Legal Scholars Take On the Food, Media and Ad Lobby on Marketing Junk Food to Kids
Jeff Chester | Sep 6 2011
Viacom, the ANA, and leading food companies have unleashed a lobbying blitz at White House, Congress, & the FTC that threatens to kill-off proposed scientific-based guidelines to be used when marketing food and beverage products to kids and teens, inc. online. Viacom hired well-know First Amendment attorney Kathleen Sullivan--whose firm reps or has represented Disney, Time Warner, Google, the Motion Picture Academy, Yahoo, etc. As part of the new food and media biz lobbying machine, they hired Anita Dunn, Pres. Obama's former head of communication, to run a so-called new coalition misnamed as Sensible Food Policy. Their over-the top lobbying effort has placed a deep political chill on the WH, FTC and elsewhere on the guidelines--which were developed to help reverse the youth obesity crisis created by the products and ads these companies have developed that target youth. Btw, the group's website doesn't reveal who is behind it, but they include: PepsiCo, Viacom, Kellogg's, General Mills, Time Warner, the American Association of Advertising Agencies, and the Association of National Advertisers.
Today nearly 40 leading First Amendment scholars and professors took on the food marketing industry, with letters sent to FTC, FDA (and also the White House) saying that they First Amendment argument (used by the Anita Dunn front group) is baseless. A copy of the letter can be found here.
The food industry, ad and media lobby especially don't want any protections for teens, including for digital marketing.
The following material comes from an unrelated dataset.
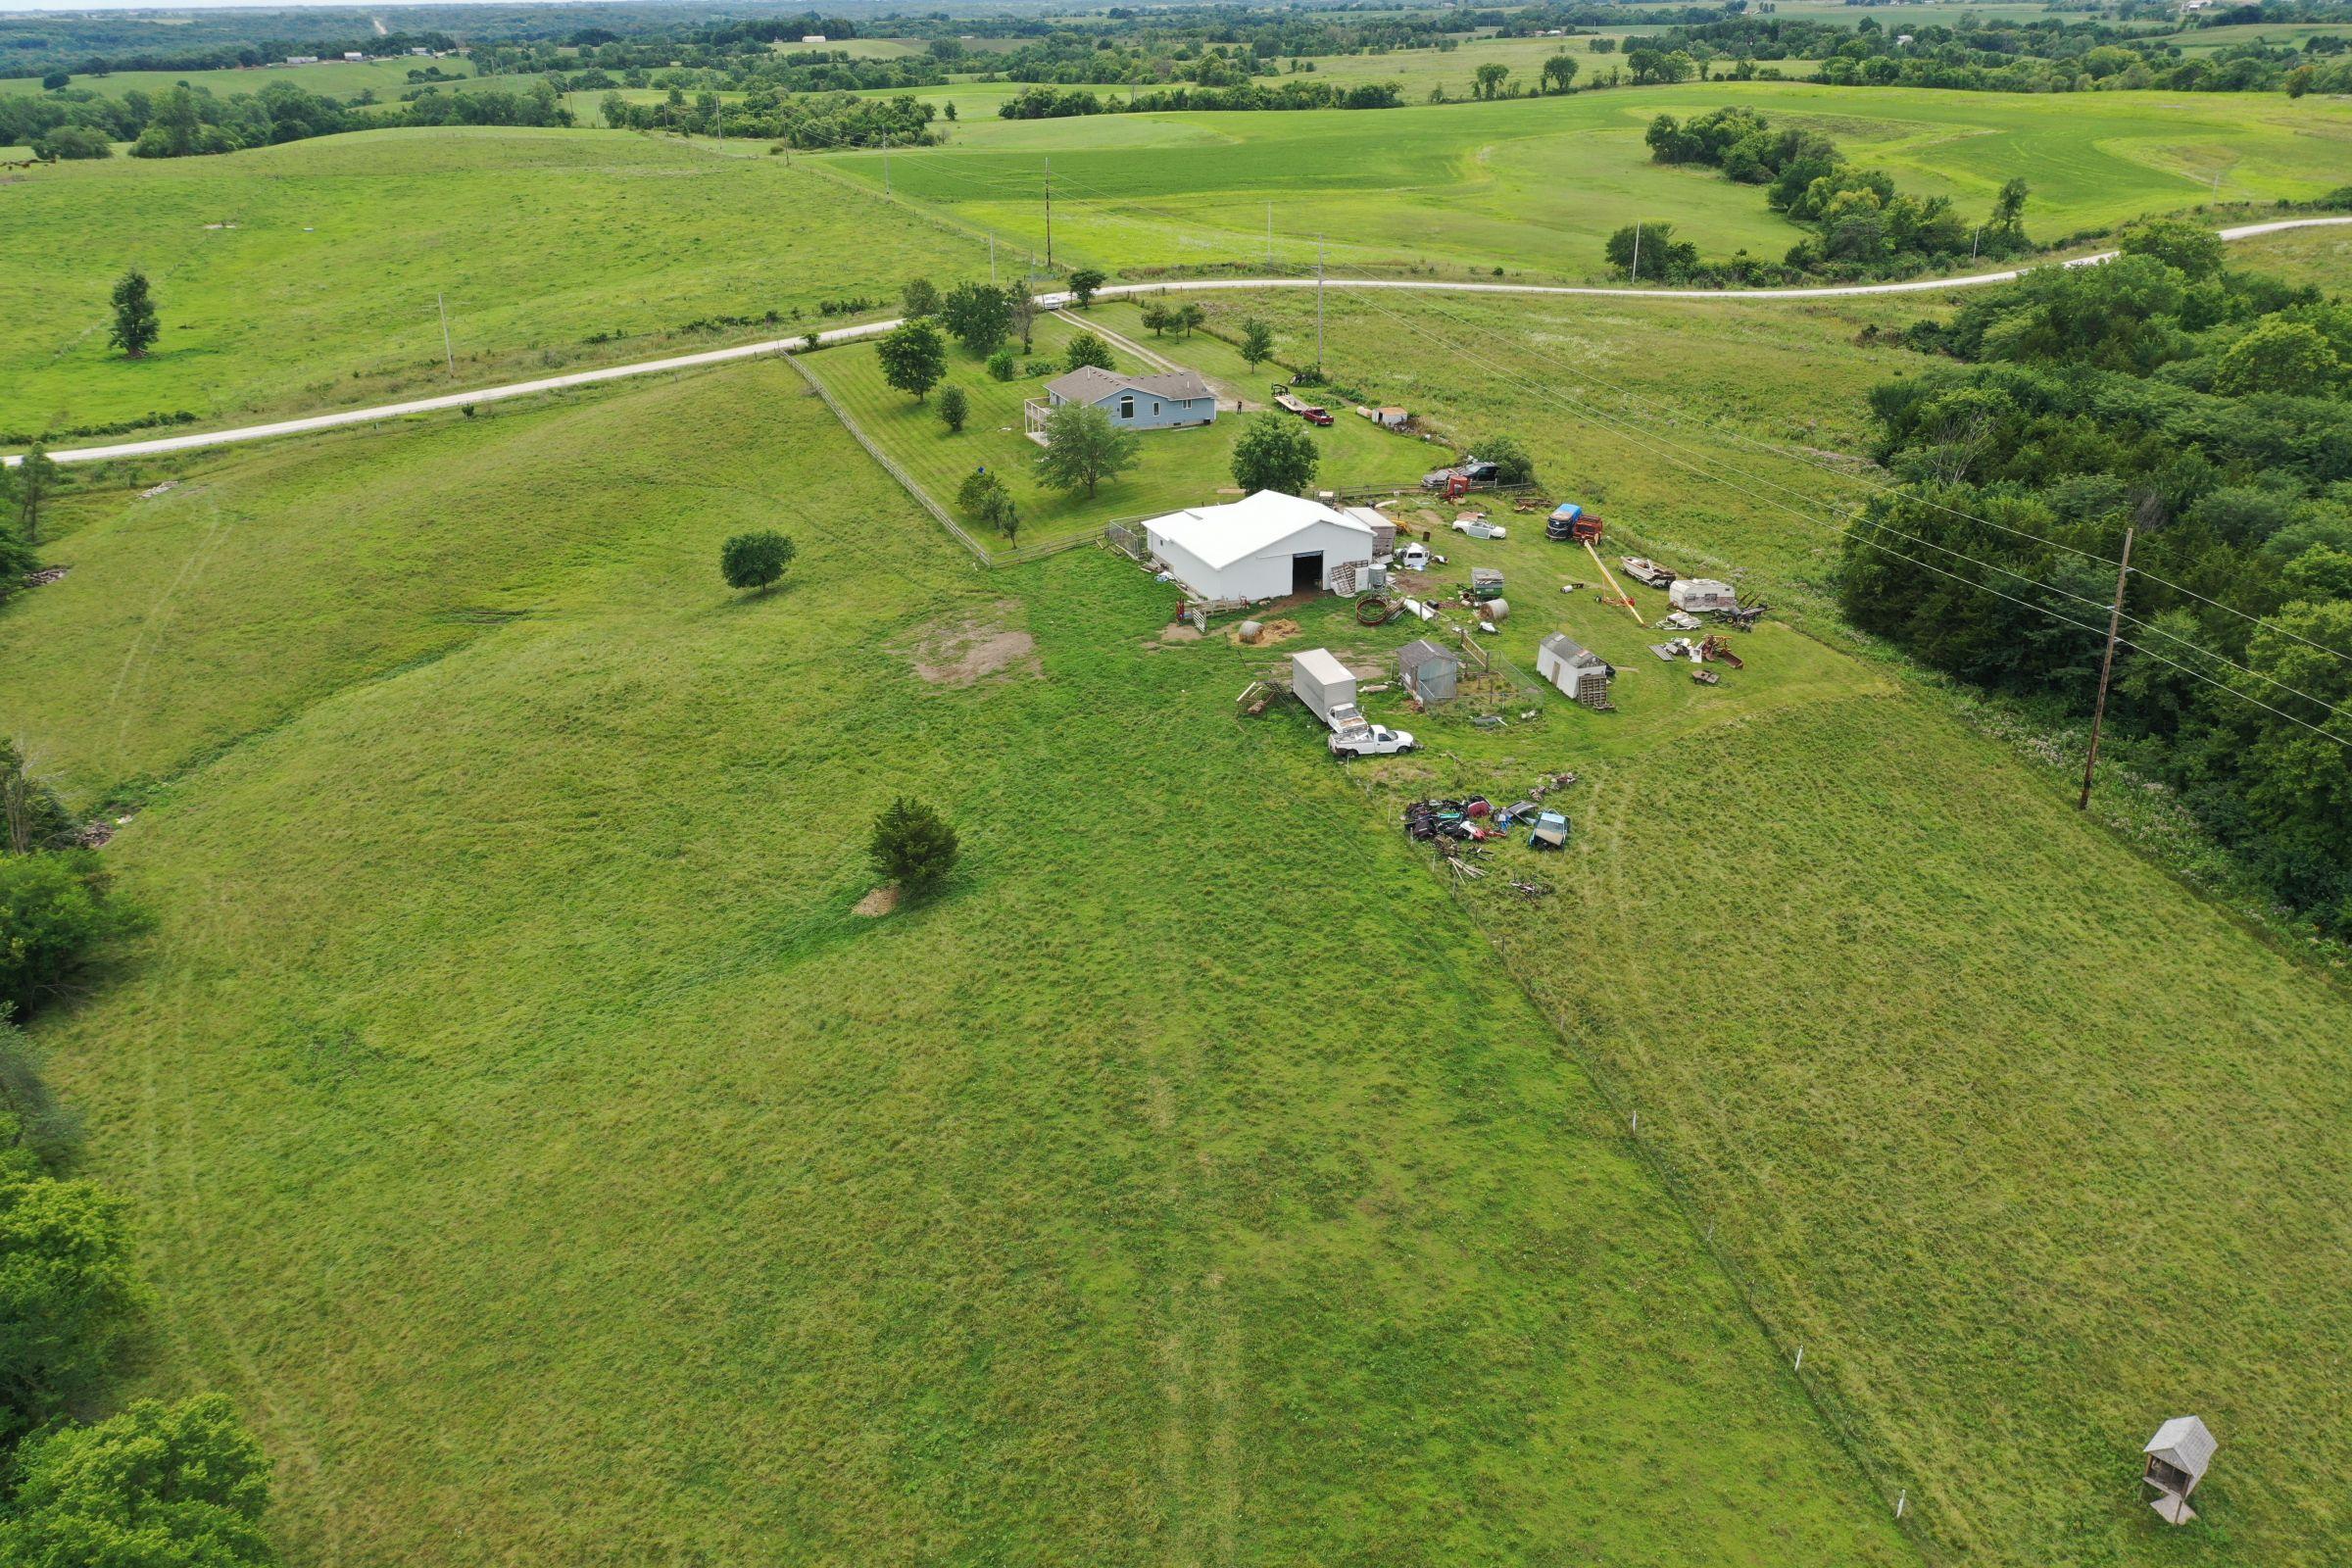 residential-warren-county-iowa-12-acres-listing-number-15104-1-2020-08-08-184614.jpg

But anyone following the industry knows these companies have launched sophisticated campaigns targeting teens for foods and beverages linked to the youth obesity crisis (in the US and globally, btw). Marketers should be willing to embrace thoughtful scientific based guidelines designed to promote the health of young people, and protect the interests of parents and caregivers (who have to pay for their healthcare, btw, when they develop obesity related illnesses). The food, ad and media lobby needs to be more responsible. They also need to do a better job with the facts. They are focused on short-term tactics--but have much to lose--including how people think about their brands on the social web.